Chest X-ray was performed with no significant findings. Extensive blood tests were carried out, including potassium, sodium, urea, creatinine, albumin, alkaline phosphatase, gamma-glutamyl transferase levels, C-reactive protein, ESR, complete blood count, plasma viscosity and glomerular filtration rate. Thrombin, partial thromboplastin time, haemoglobin, bilirubin as well as anticardiolipin antibodies, haemoglobinopathies and quantiferon gold tube tuberculosis tests were also ordered. Serum ACE and VDRL tests were also carried out. All requested test results were normal. She also tested HLA-B51 negative. We examined the patient 1 month later and there was no significant change in the patient's overall condition.

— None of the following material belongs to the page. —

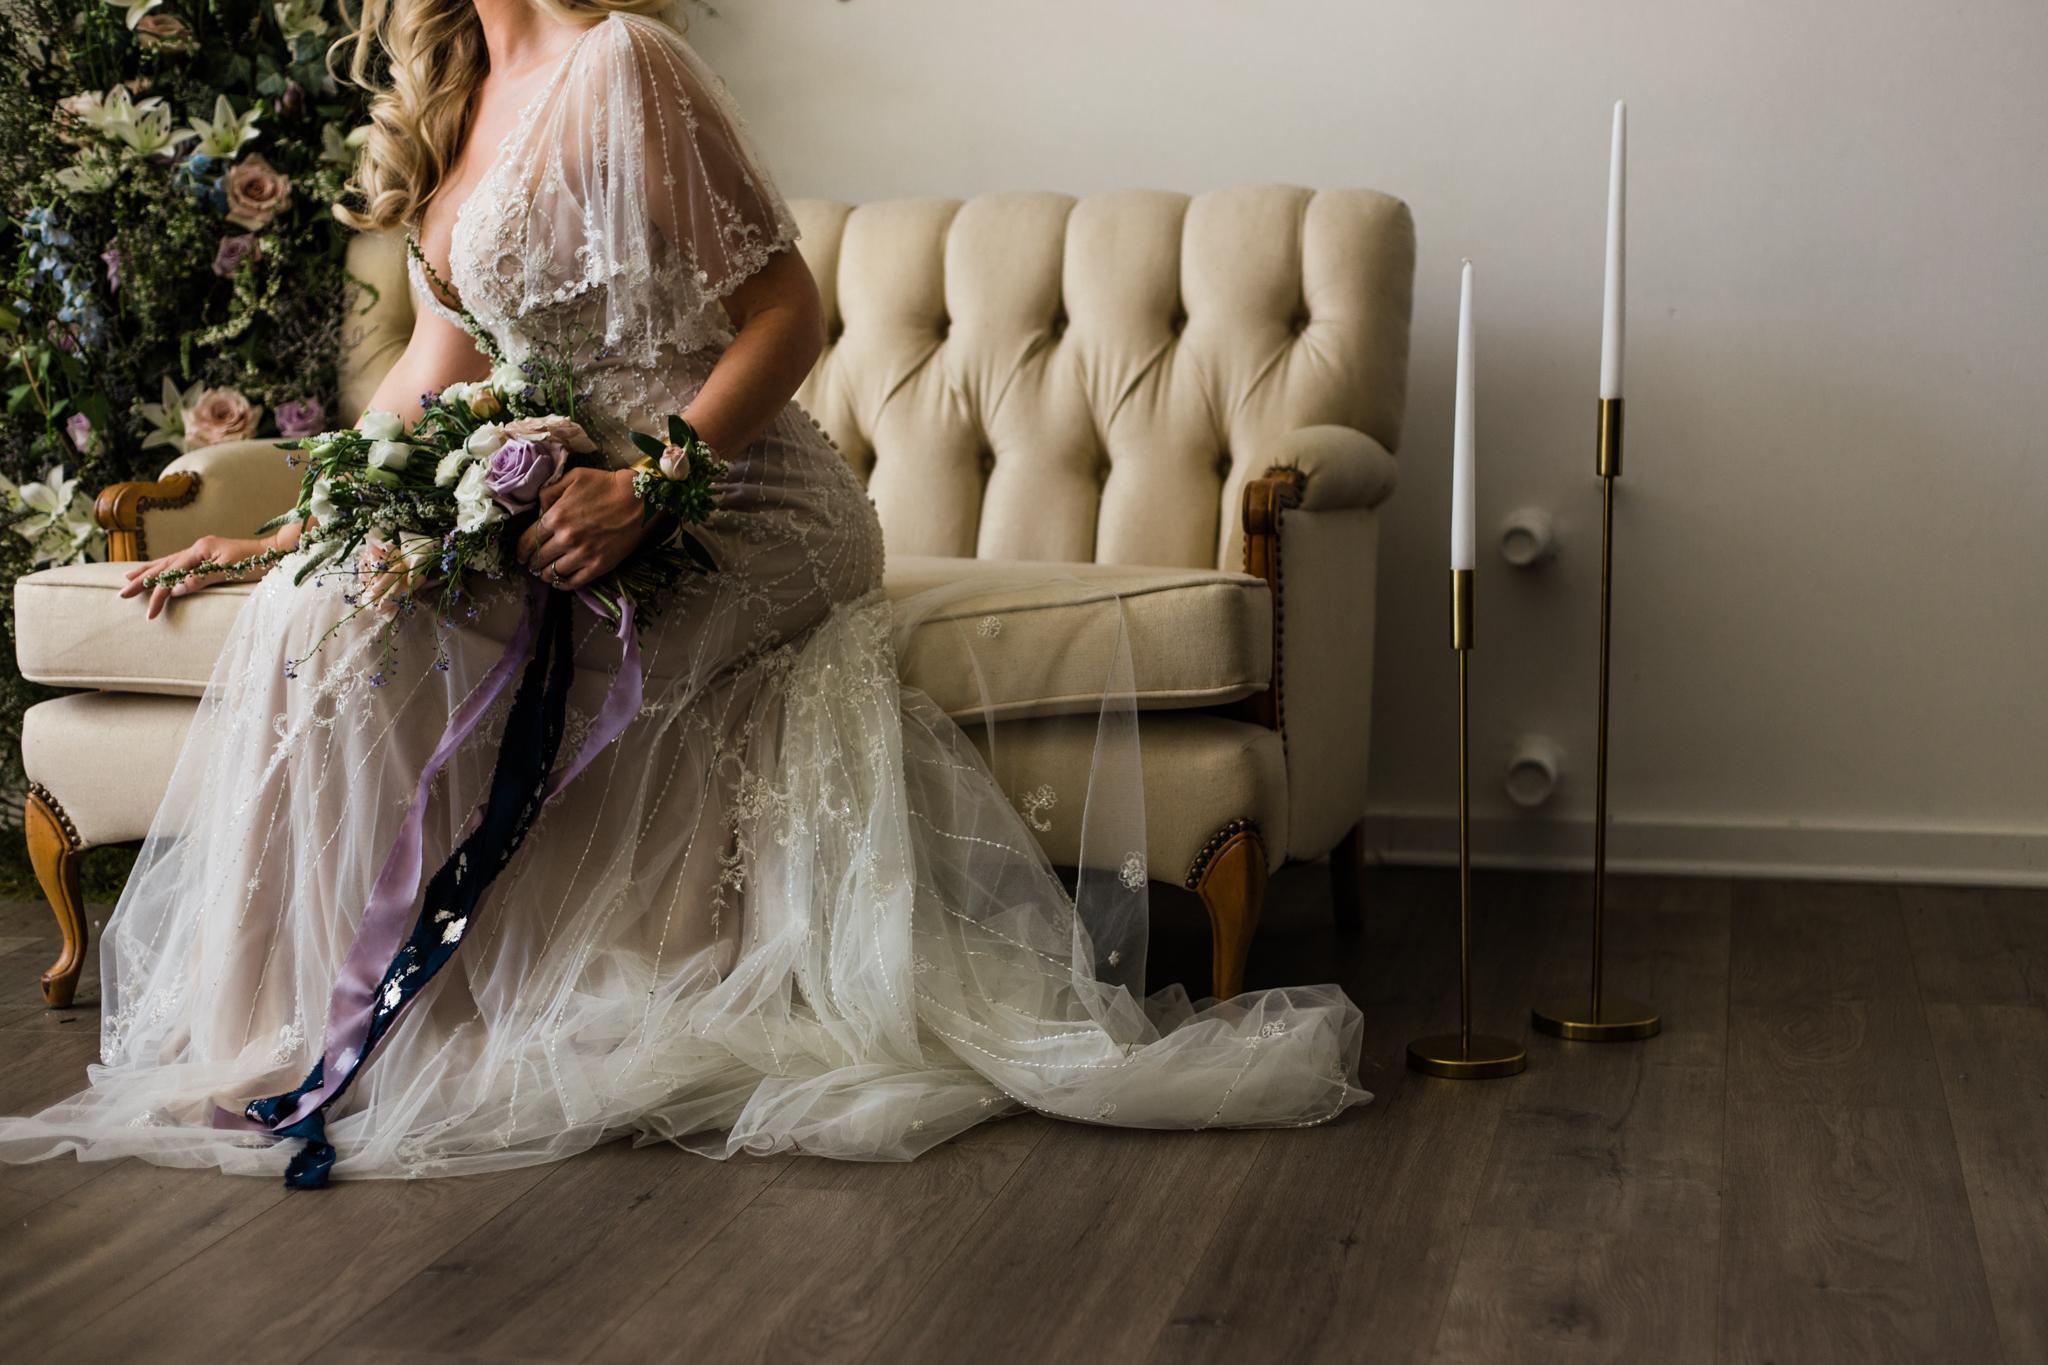 Lightroom PDX - Portland OR - Malina Rose Photography-2.jpg

After 9 months visual acuity, fundoscopy, angiographic findings and OCT images were unaltered.

Discussion

Abnormal anatomic disc features such as small optic disc, tilted disc, and optic nerve drusen have been identified as discs at increased risk for several ophthalmic, neurological and vascular disorders [3]. In the relevant literature, optic disc drusen have been associated with small, crowded discs which may be predisposed to axonal flow obstruction due to smaller than average scleral foramina. The presence of optic disc drusen and chronic venous stasis at the optic nerve head may also result in vessel tortuosity varying with the degree of disc crowding. This optic nerve head configuration may render it susceptible to vascular diseases [4]. OCT has been recently shown to demonstrate and differentiate optic nerve drusen but is not yet considered a gold standard [5]. The presence of optic disc drusen may be confirmed with optic nerve head ultrasound or fundus autofluorescence [6].

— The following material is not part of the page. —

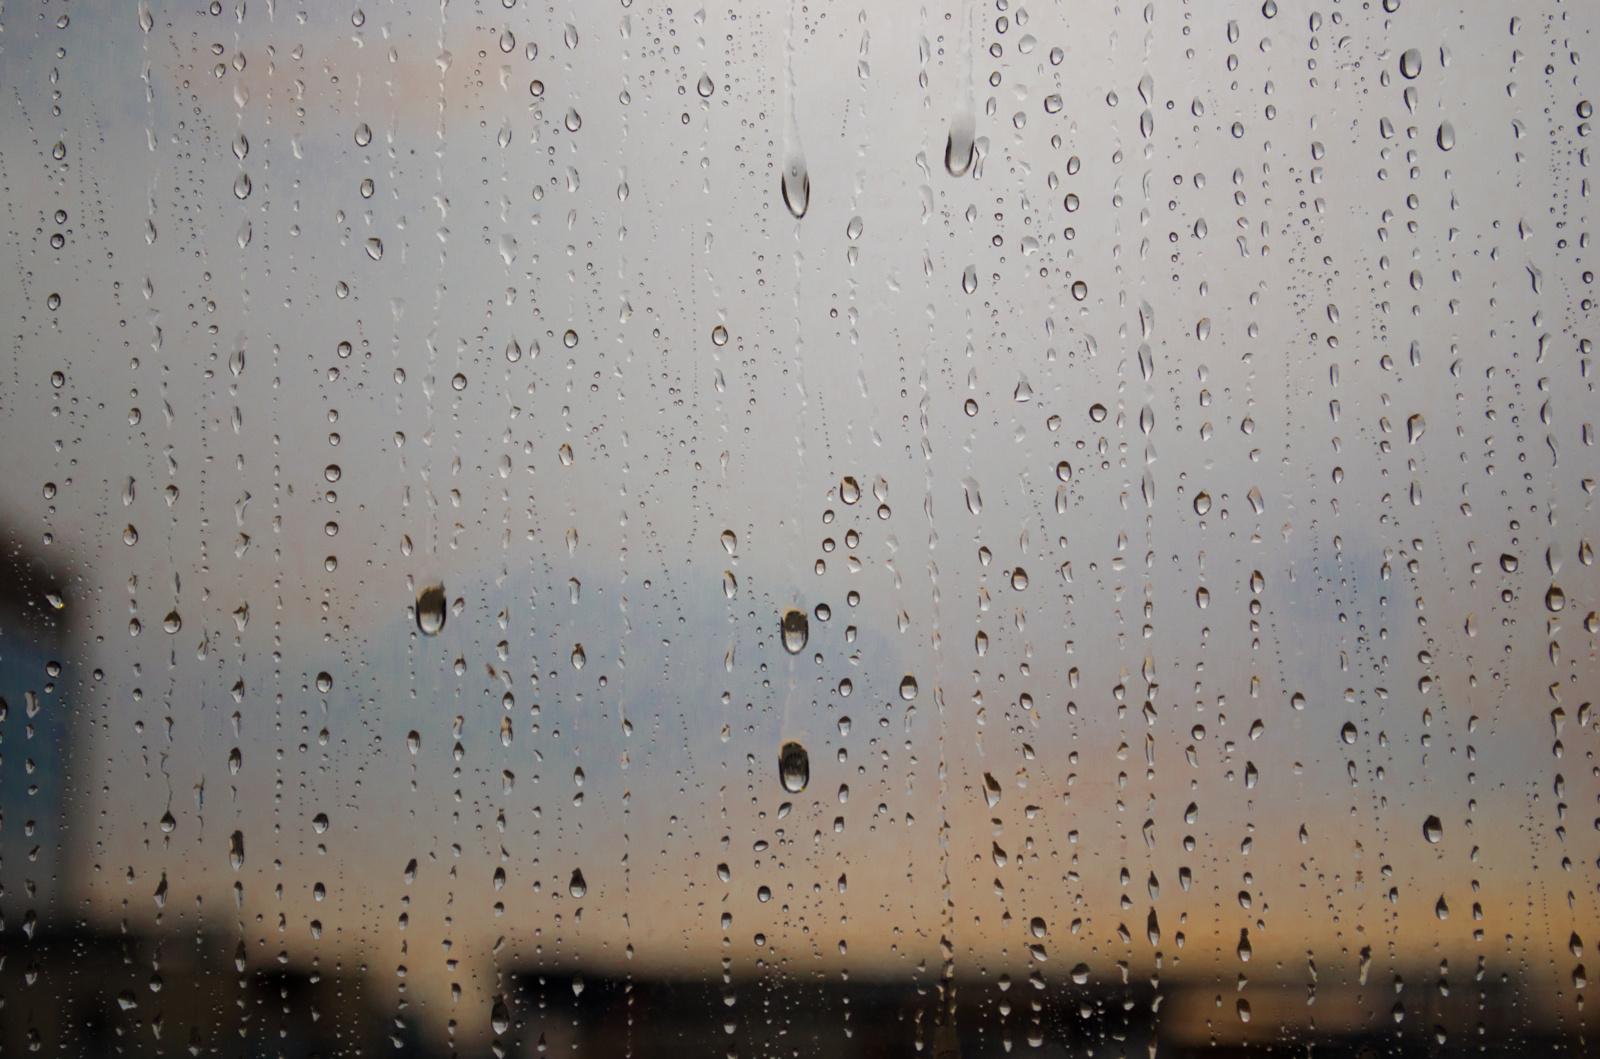 Karštį beveik kasdien lydės lietus su perkūnija

In our case, venous stasis was observed in the right eye but not in the left eye. Periphlebitis in the mid-periphery was also observed in the right eye but it did not affect visual acuity in this eye. Signs of periphlebitis include gorged vessels, venous sheathing, localized ischaemia and haemorhage as well as vascular remodelling. Despite extensive laboratory investigations, no clear aetiology was identified for this periphlebitis as all potential inflammatory causes were excluded. Idiopathic periphlebitis represents 70-75% of the reported periphlebitis cases in the relevant literature. In rare occasions, optic disc drusen may be accompanied by vascular complications such as choroidal neovascularization. In this case, however, this possibly longstanding vasculitis did not require topical or systemic treatment.

The unique feature of this case is the presence of optic disc drusen and retinal periphlebitis. The patient's disc configuration may have contributed to a predisposition for vasculitis in addition to vessel tortuosity.

Disclosure Statement

The authors report no proprietary interest or financial support.